There was no statistically significant difference in the Trop T values at baseline (T0), 6 h (T2), 12 h (T3), and at 24 h (T4) between dexmedetomidine group and control group [Table 4].
|Table 4: Trop T values (ng/ml) at baseline, 6 h, 12 h, and 24 h after initiation of the drug |
Click here to view
Three patients in the control group had arrhythmias during the procedure and postprocedure, while none in the dexmedetomidine group had arrhythmias.
| Discussion|| |
Reperfusion injury is defined as damage to the tissue caused when blood supply is restored to the ischemic or hypoxic area after a certain period. Similar type of injury occurs in the myocardium after an acute MI treated by PCI or fibrinolytic therapy. ,,
Reperfusion is associated with microvascular injury, particularly due to increased permeability of capillaries and arterioles. Activated endothelial cells produce more reactive oxygen free radicals but less nitric oxide after reperfusion. This imbalance causes an inflammatory response which is partially responsible for the damage caused by reperfusion injury.  White blood cells (WBCs) are carried to the reperfused area by restoration of blood flow which causes a release of inflammatory factors such as interleukins and free radicals.  These cause damage to the cellular proteins, DNA, and the plasma membrane, which may cause further release of more free radicals. These mediators may also act indirectly in redox signaling to initiate apoptosis. WBC may also obstruct the small capillaries by binding to their endothelium, worsening the ischemia.  Furthermore, the ischemic tissue has decreased free radical scavengers, which results in further tissue damage after reperfusion.
Other mechanisms postulated in reperfusion injury include calcium overload and depletion of high energy phosphate stores. ,,
Hyperkalemia,  arrhythmias, and rise in cardiac enzymes (Trop I and T and CPK-MB) may help us in recognizing this reperfusion injury.

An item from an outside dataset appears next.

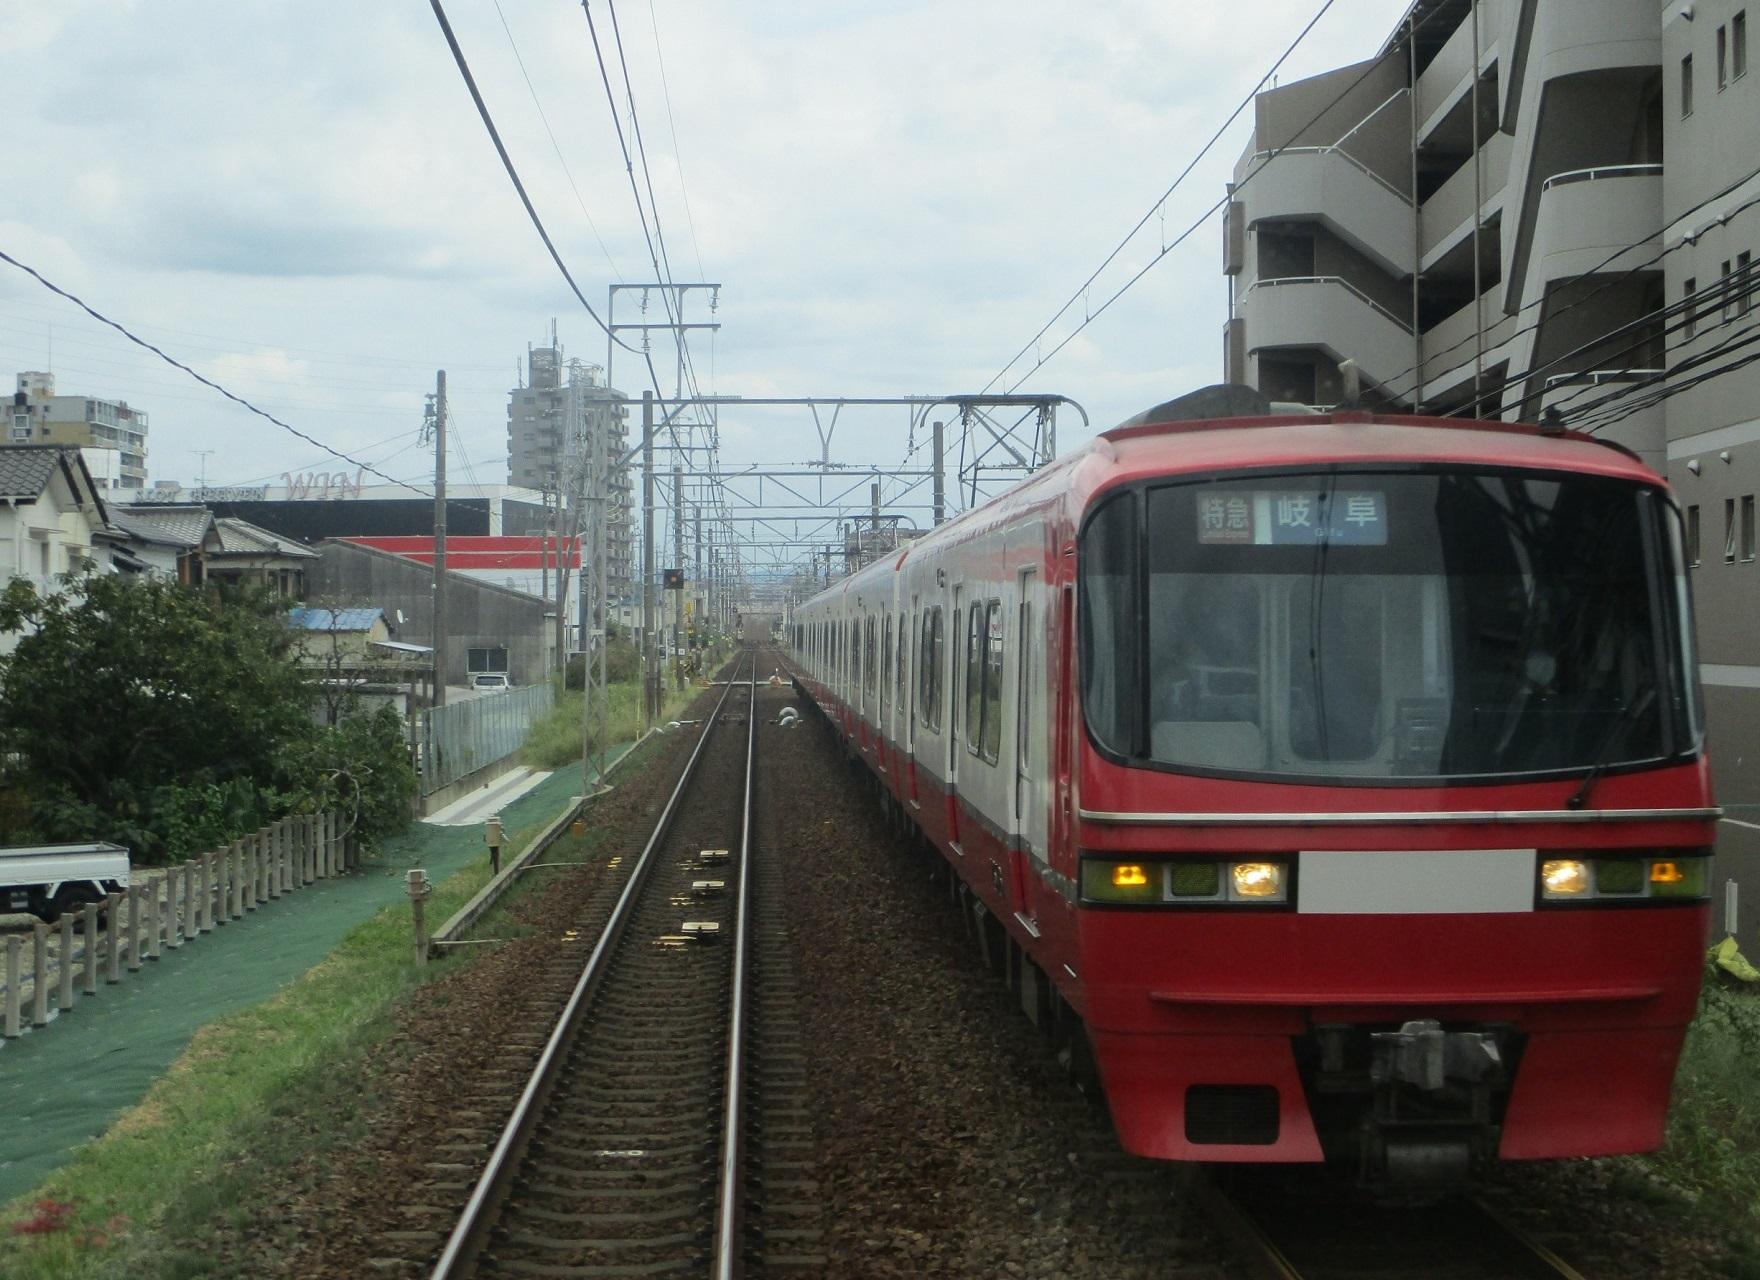 2019.10.7 (7) 東岡崎いきふつう - 宇頭矢作橋間 1760-1280

Dexmedetomidine being a selective alpha-2 agonist may cause coronary vasoconstriction. Yoshitomi et al. and Okada et al. showed that dexmedetomidine has a direct dose-dependent cardioprotective effect on reperfusion injury and high dose of dexmedetomidine had favorable subendocardial-to-subepicardial blood flow ratio resulting in better functional recovery from myocardial stunning.
Dexmedetomidine is an ideal sedative agent in cardiac patients  as it is a sympatholytic, reduces HR, and consequently the myocardial oxygen demand. It causes conscious sedation in which the patient is arousable when stimulated. Hence, it is beneficial to use dexmedetomidine for sedating the anxious cardiac PCI patients.
In the present study, the SBP and DBP have shown a statistically significant decrease in group D. This can be attributed to sympatholysis and anxiolysis.  However, the decrease in BP was never <20% of the baseline.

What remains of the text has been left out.